Perhaps the most interesting aspect of these studies is the observation that DSS-induced mucosal inflammation or colitis was markedly increased in both IL-6-deficient mice and in mice lacking STAT3 in IECs, which correlated with an increase in the expression of proinflammatory cytokines within the colonic mucosa. It is unclear, however, how injured IECs lacking STAT3 result in enhanced production of inflammatory cytokines and a lower risk of cancer. One highly speculative hypothesis is that the increase in AOM + DSS-induced epithelial apoptosis in the STAT3-deficient mice is sufficient to mediate enhanced recruitment of acute inflammatory cells that produce proinflammatory cytokines. It is even possible that this acute inflammation may be antitumorigenic, and that STAT3 may influence the degree or type of inflammation and as a result modulate tumor formation. Interestingly, in the Grivennikov et al. study, the number of regulatory T cells increased and Th17 cells decreased in an IL-6-dependent manner. Several recent studies have linked IL-6 to Th17 differentiation, and further work is clearly needed to determine whether the qualitative immune cell makeup of the AOM + DSS-induced colitis and tumors differs between wild-type versus STAT3 IEC-deficient or IL-6-deficient animals.

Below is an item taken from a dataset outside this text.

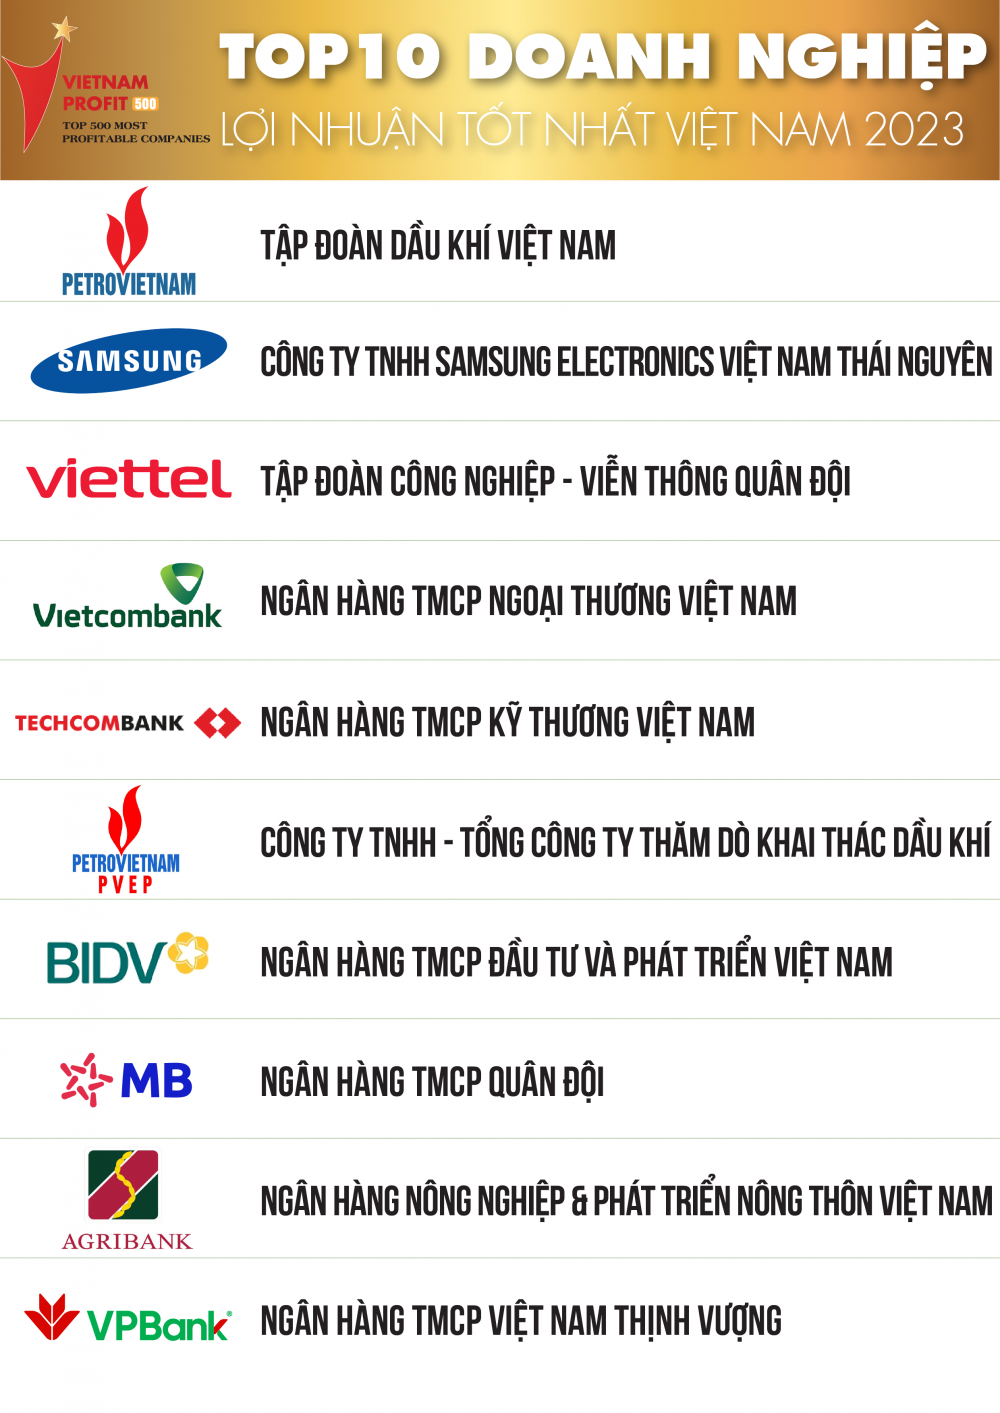 6 đại diện ngành ngân hàng nằm trong top 10 doanh nghiệp lợi nhuận tốt nhất Việt Nam 2023

In summary, the studies by Grivennikov et al. and Bollrath et al. demonstrate the significance of IL-6/STAT3 signaling in promoting CAC. Furthermore, their findings clearly suggest that inhibitors of IL-6 signaling such as blocking antibodies or JAK inhibitors, which are presently in clinical trials for other diseases, should be considered for the treatment of patients with colorectal cancer.
J.B.’s research is partially supported by AstraZeneca and Centocor.